■ Work to be completed
Your answer should hold exactly the lines beginning with the one that contains "Infografik Alinea.id/Aisya Kurnia." and ending with the last line of the material, both included. Leave every picture out.

■ Available data
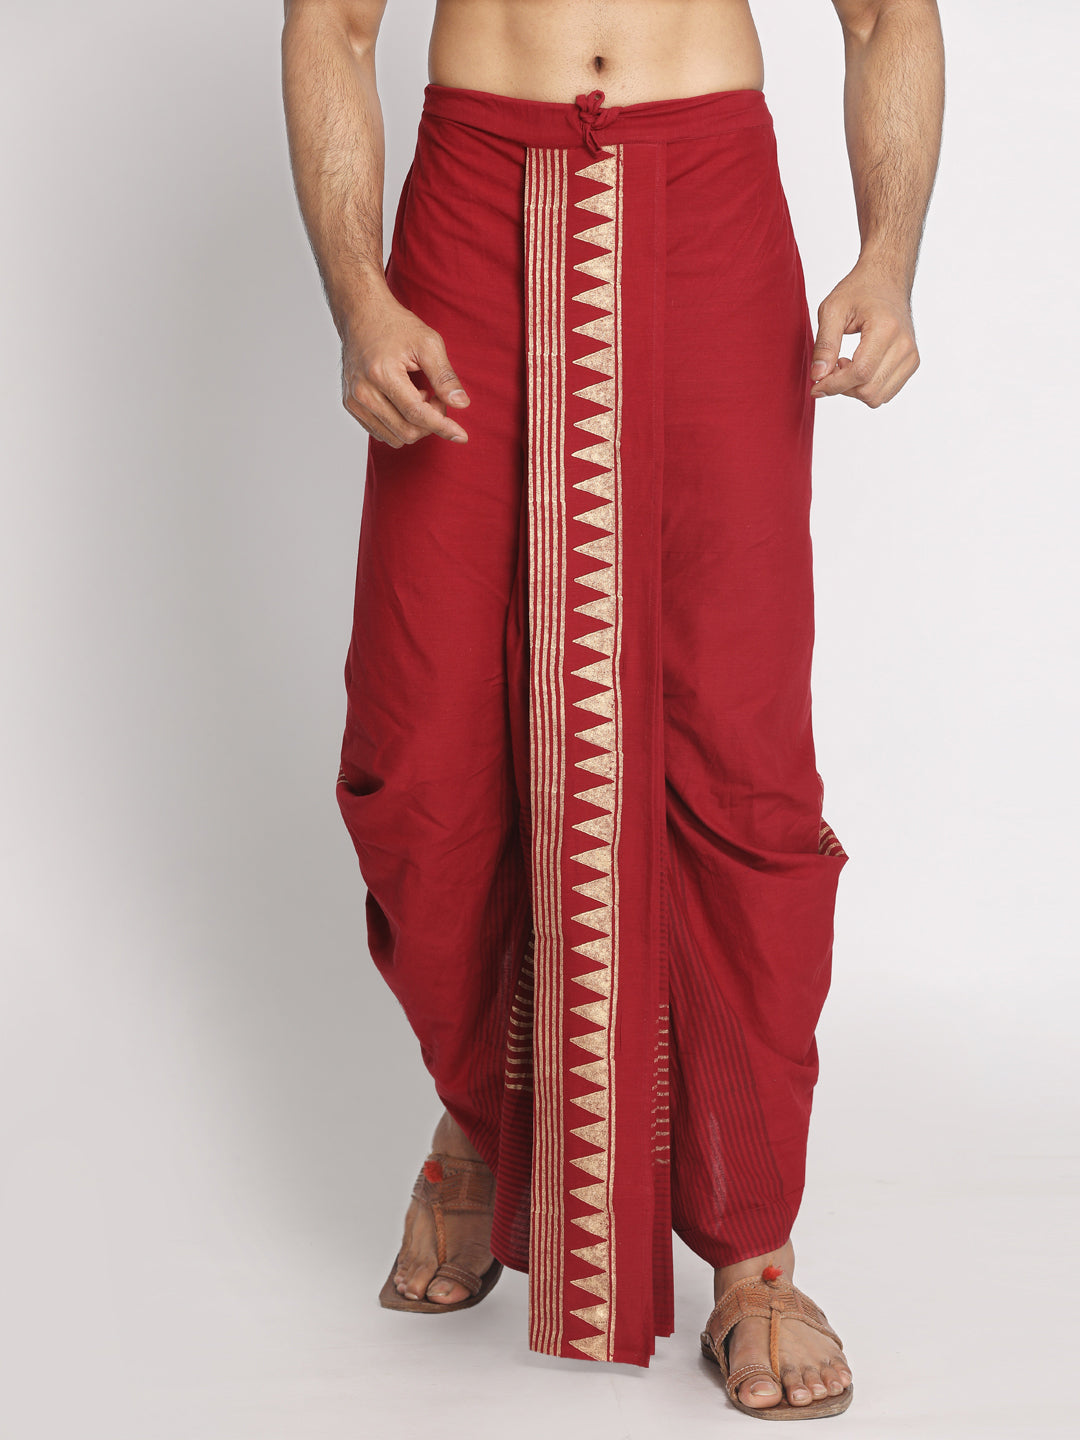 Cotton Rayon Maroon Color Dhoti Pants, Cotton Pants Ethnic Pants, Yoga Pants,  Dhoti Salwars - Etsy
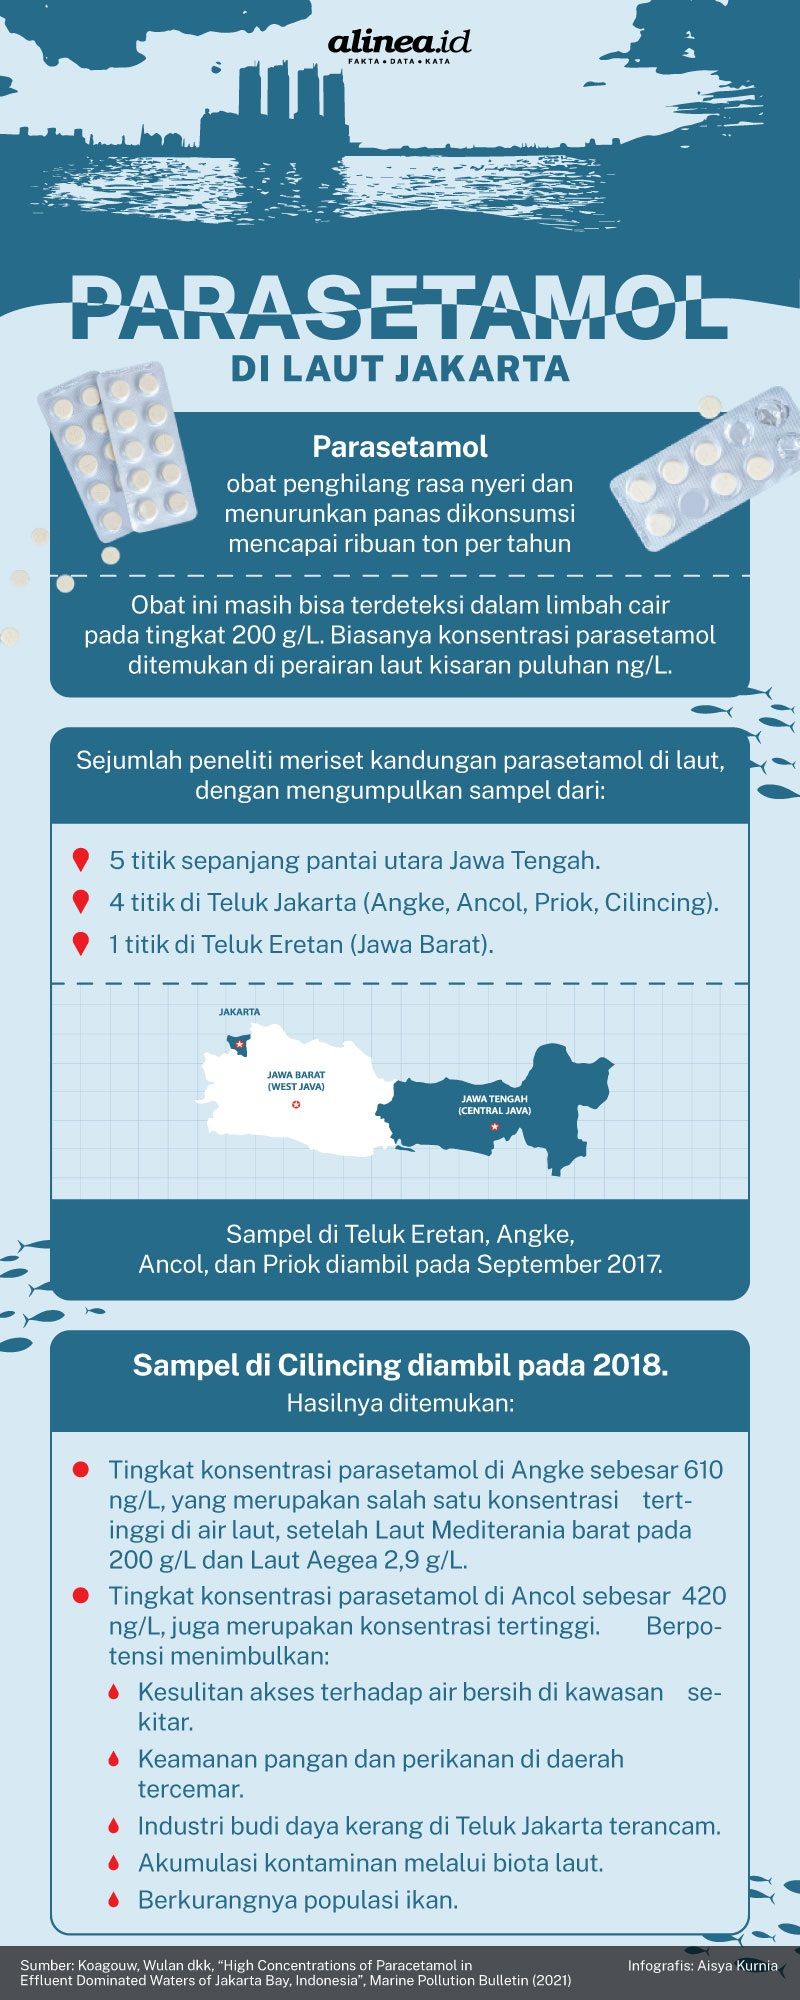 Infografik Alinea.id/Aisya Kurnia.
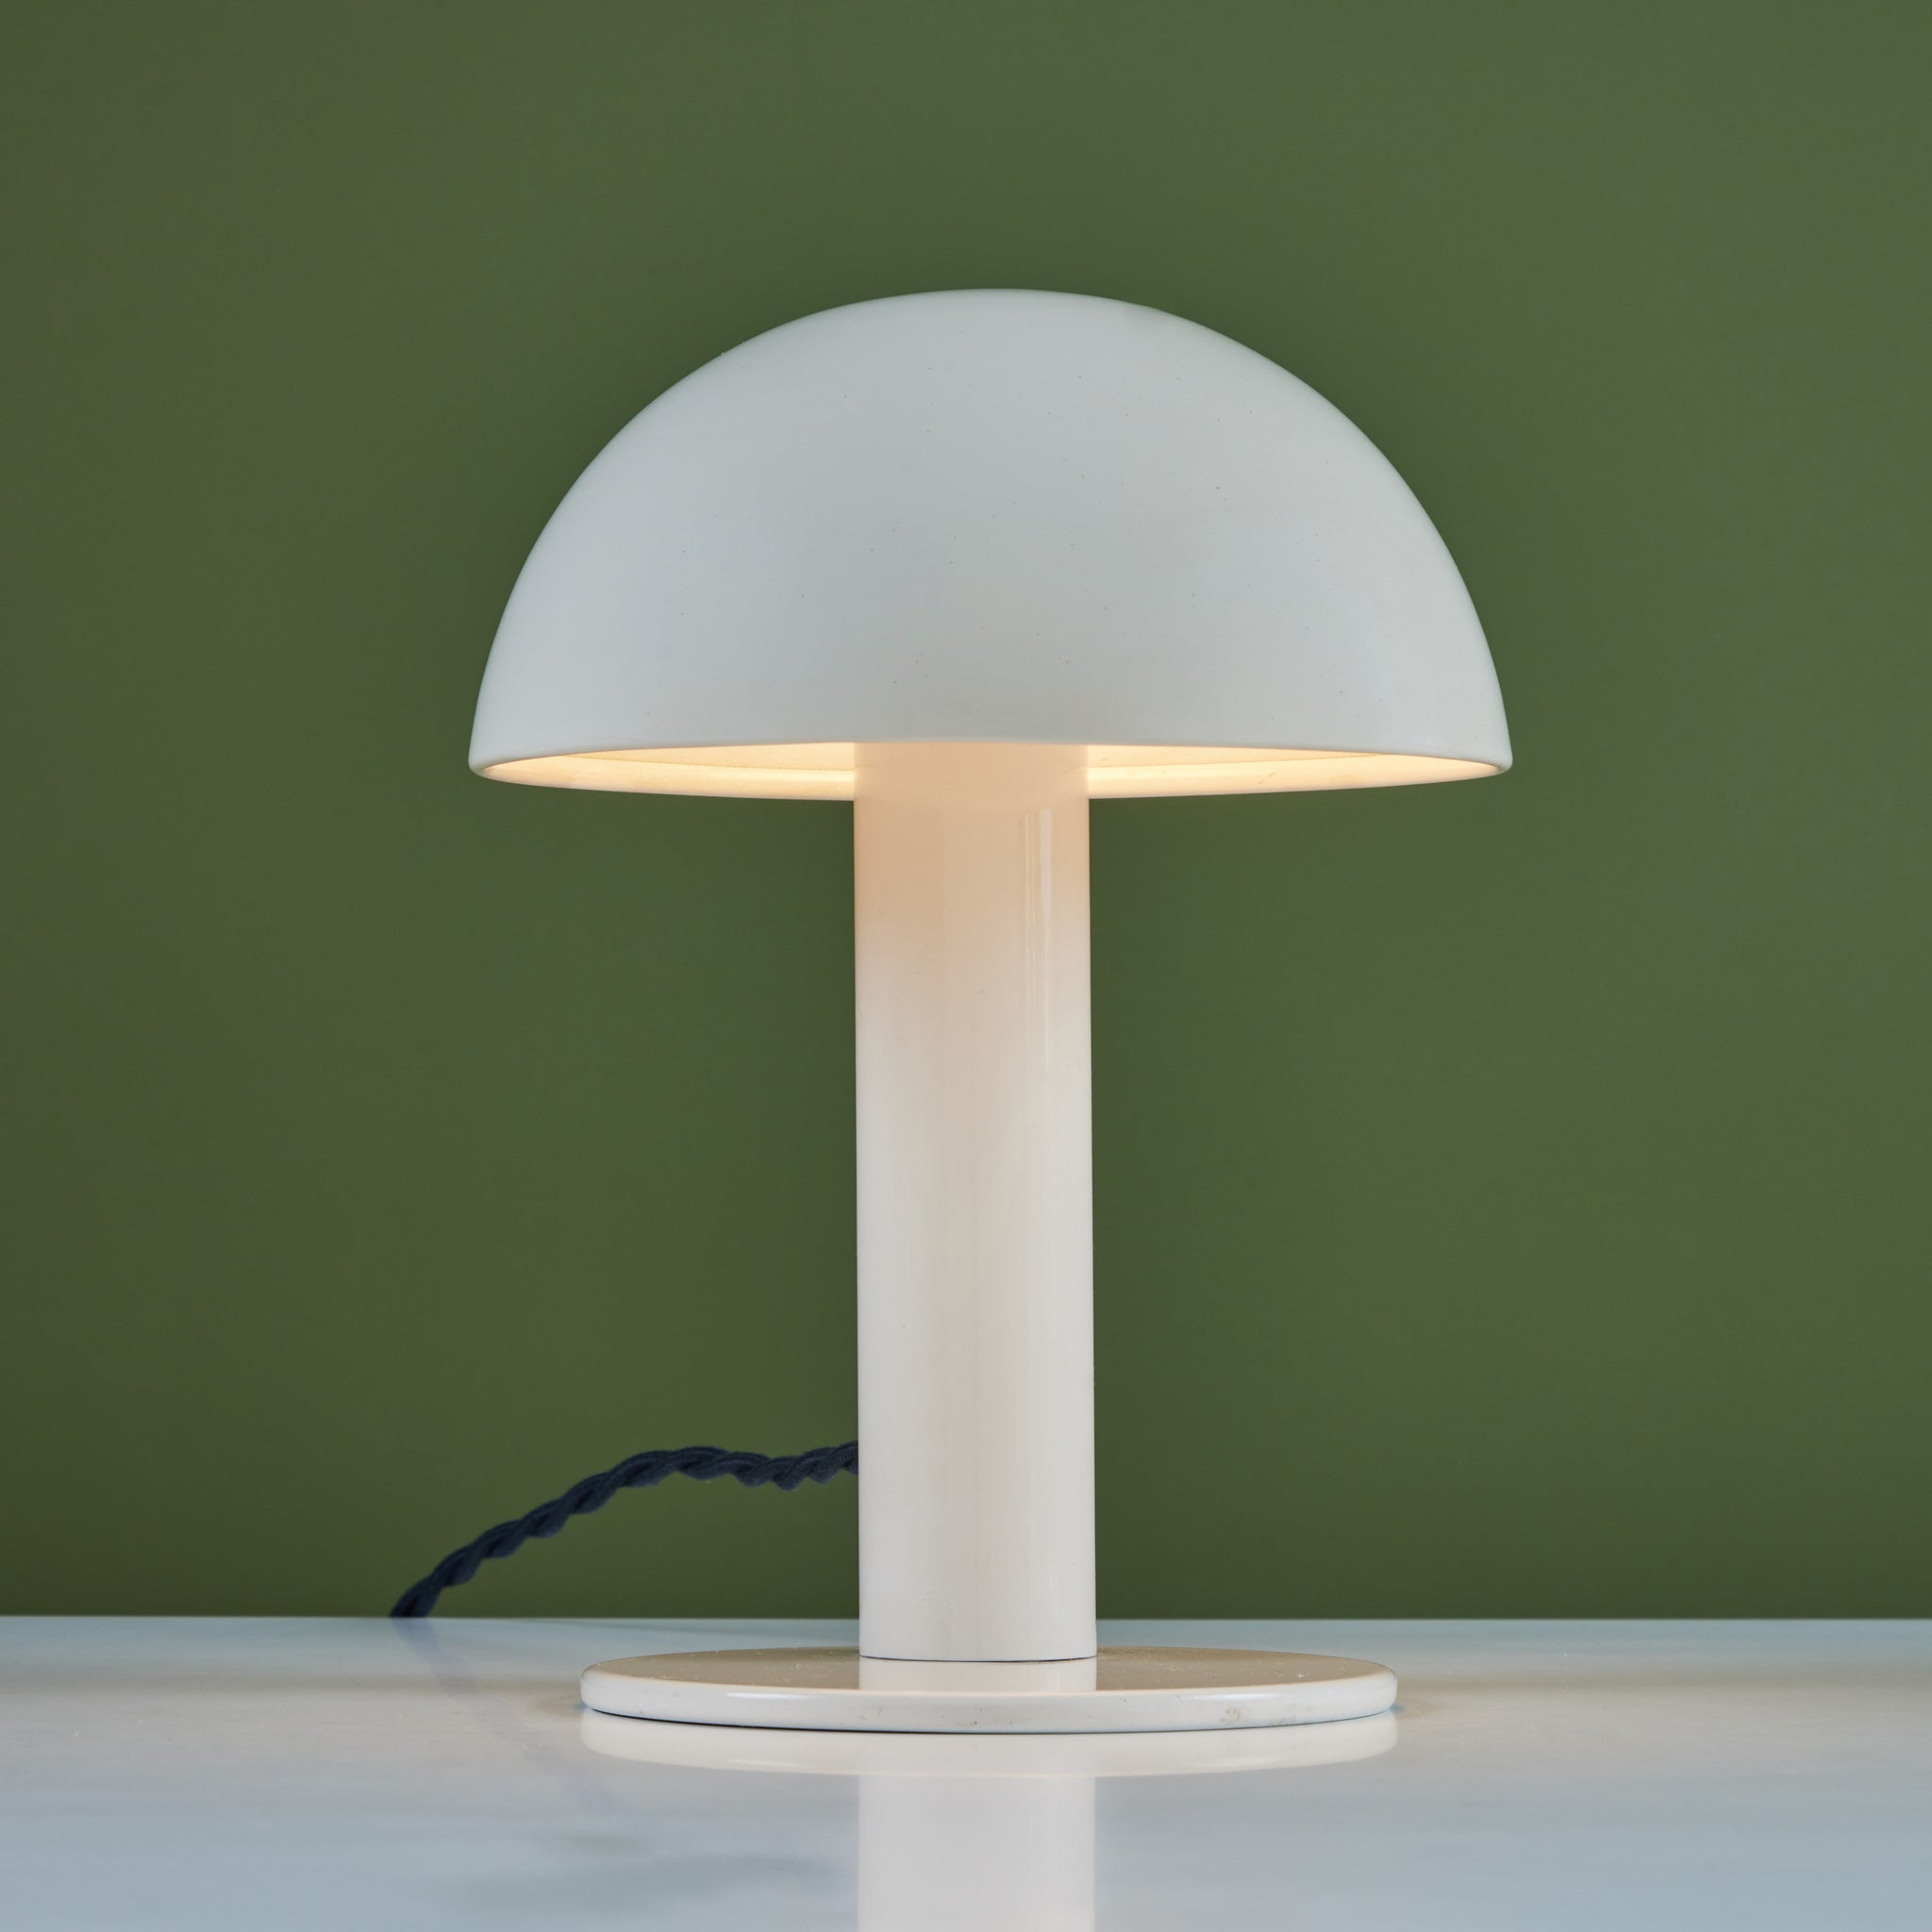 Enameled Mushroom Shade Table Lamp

■ Result for this exercise
 Infografik Alinea.id/Aisya Kurnia.
 Enameled Mushroom Shade Table Lamp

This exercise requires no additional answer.